- IOC code: TUV

4 July 2015 – 18 July 2015
- Competitors: 101 in 10 sports
- Medals Ranked 19th: Gold 1 Silver 0 Bronze 3 Total 4

Pacific Games appearances (overview)
- 1979; 1983–1995; 1999; 2003; 2007; 2011; 2015; 2019; 2023;

= Tuvalu at the 2015 Pacific Games =

Tuvalu competed at the 2015 Pacific Games in Port Moresby, Papua New Guinea from 4 to 18 July 2015. Nakibae Kitisane was the Chef de Mission. Tuvalu listed 101 competitors as of 4 July 2015. Four competitors qualified for two sports. (Note: Togafiti Eliko, Ela Lupeni and Tuau Lapua Lapua qualified in powerlifting and weightlifting. Etimoni Timuani qualified in athletics and touch rugby.)

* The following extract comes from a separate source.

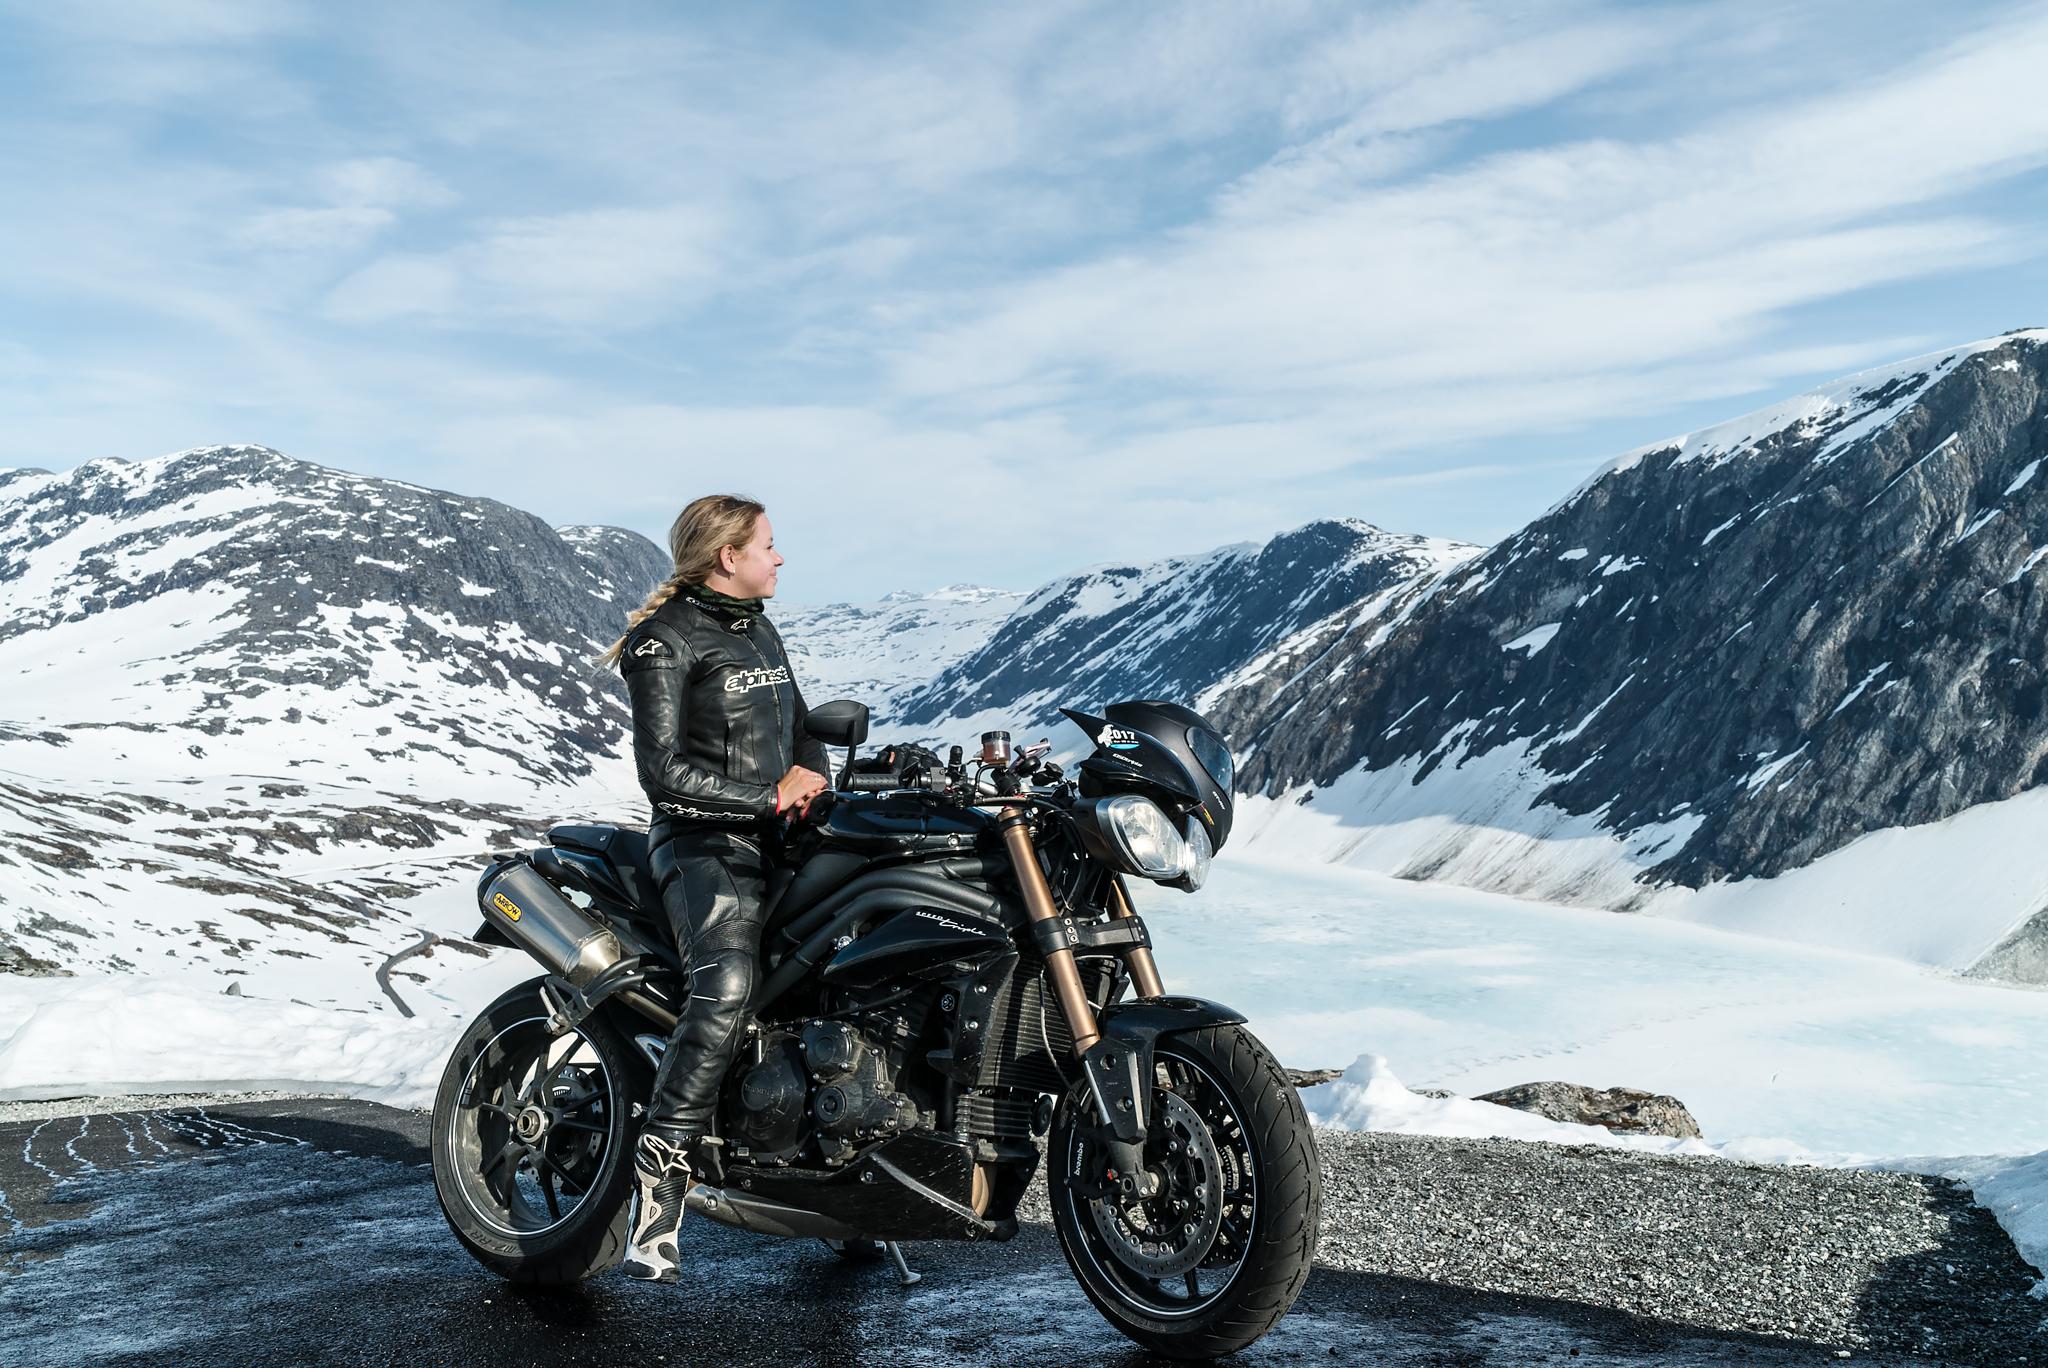 2017.05---82.-stryn-alexandra-motorcykeln-geiranger.jpg
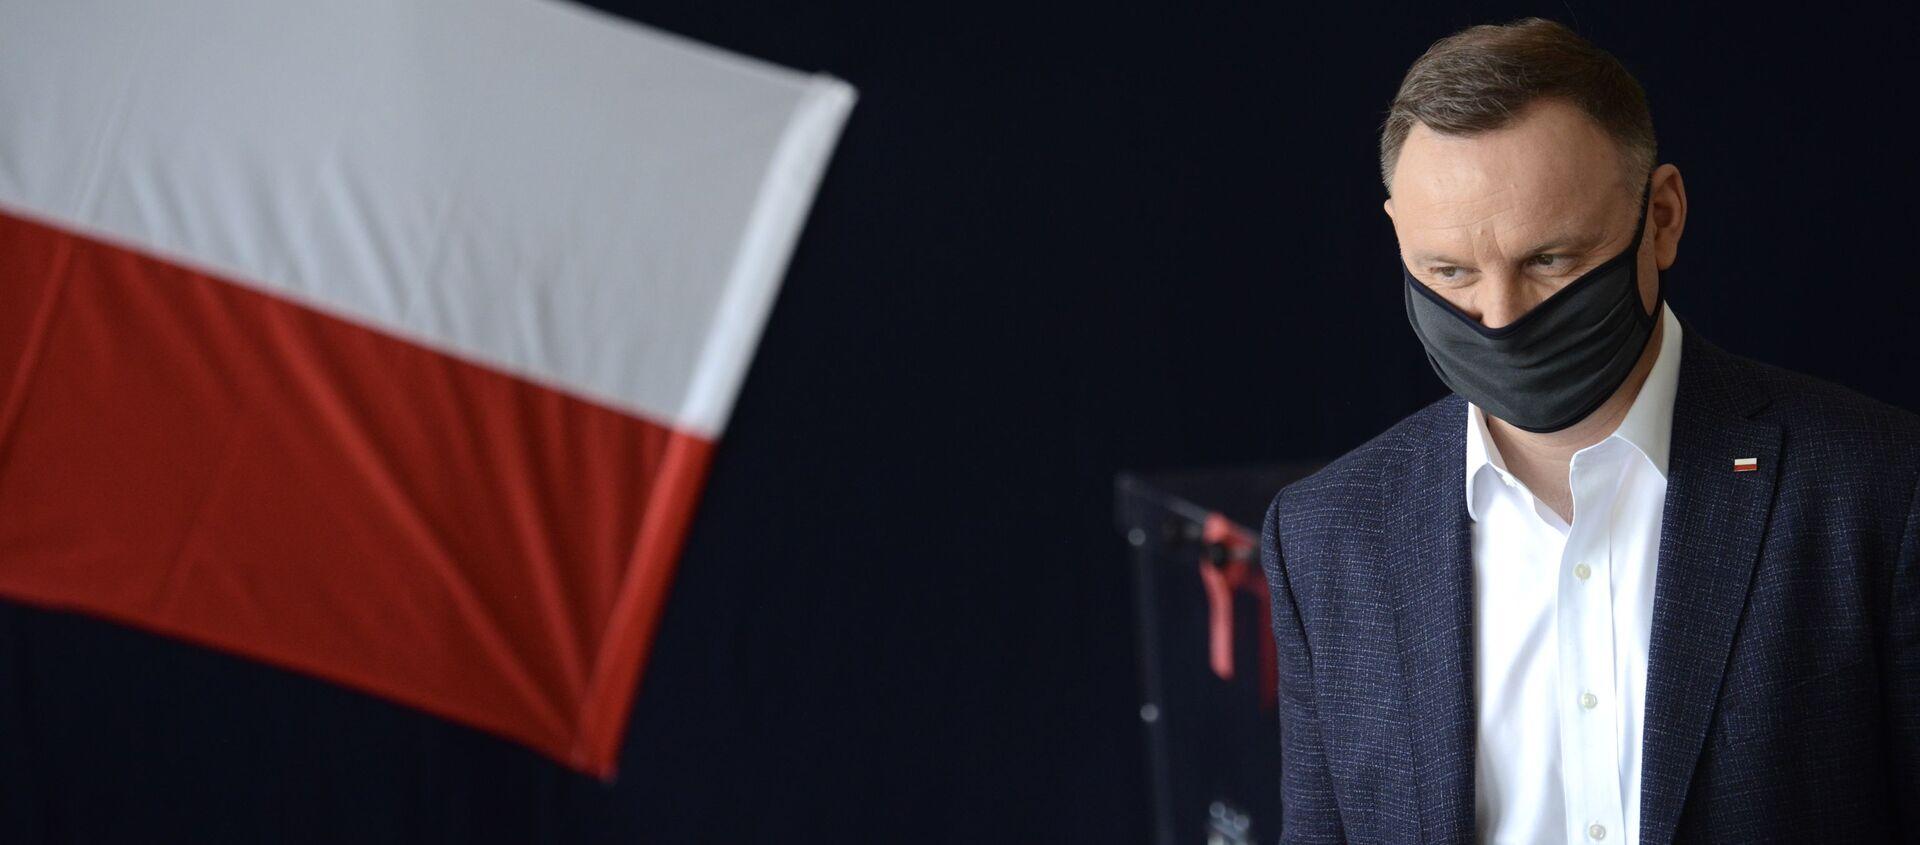 Prezydent RP Andrzej Duda - Sputnik Polska, 1920, 13.12.2020

Tuvalu was ranked 19th at the Games, with 4 medals (1 gold - 0 silver - 3 bronze). Telupe Iosefa received the first ever gold medal won by Tuvalu at the Pacific Games in the powerlifting 120 kg male division.

==Athletics==

Tuvalu qualified 7 athletes in track and field:

- Women
- Telesita Tusitala (Discus - best throw 25.81 metres - placed 6th)

- Men
- Pouesi Kofe (Javelin - best throw 44.96 metres - placed 9th)
- Etimoni Timuani (100 metres - disqualified after false start in heat)
- Vaiuli Nukualofa
- Mafoa Perci Petaia
- Telito Filoimea Telito

===Parasport===
- Men
- Iosefatu Joe Utime

==Beach volleyball==

Tuvalu qualified 4 athletes in beach volleyball. The women played in Pool A of the competition and lost all the games in the preliminary rounds. The men played in Pool A of the competition and lost all the games in the preliminary rounds.

- Women
- Terokoraoi Ipitoa
- Taliu Tuimanuga

- Men
- Tinifa Papamau
- Jackson Vailine

==Boxing==

Tuvalu qualified 5 athletes in boxing:

- Men
- Harry Dave Eti Esela (Heavy-weight 82–91 kg Male - bronze medal)
- Javin Kamtaura (Middle-weight 70–75 kg Male)
- Tapaeko Elisaia
- Patala Fagalele
- Maola Itiniua

==Powerlifting==

the Tuvalu Powerlifting Federation qualified 15 athletes in powerlifting:

- Women
- Asenate Manoa (72 kg Female - TOTAL 340 kg - bronze medal)
- Ela Lupeni (72 kg Female - TOTAL 310 kg - PLACED 4th)
- Teofoga Edueni Sonya Dabwido (84 kg Female - TOTAL 332.5 kg - bronze medal)
- Susie Tulimanu (84 kg+ Female - TOTAL 375 kg - PLACED 5th)
- Togafiti Eliko (84 kg+ Female - TOTAL 285 kg - PLACED 6th)

- Men
- John Sauola Felemeni (74 kg Male - TOTAL 445 kg - PLACED 5th)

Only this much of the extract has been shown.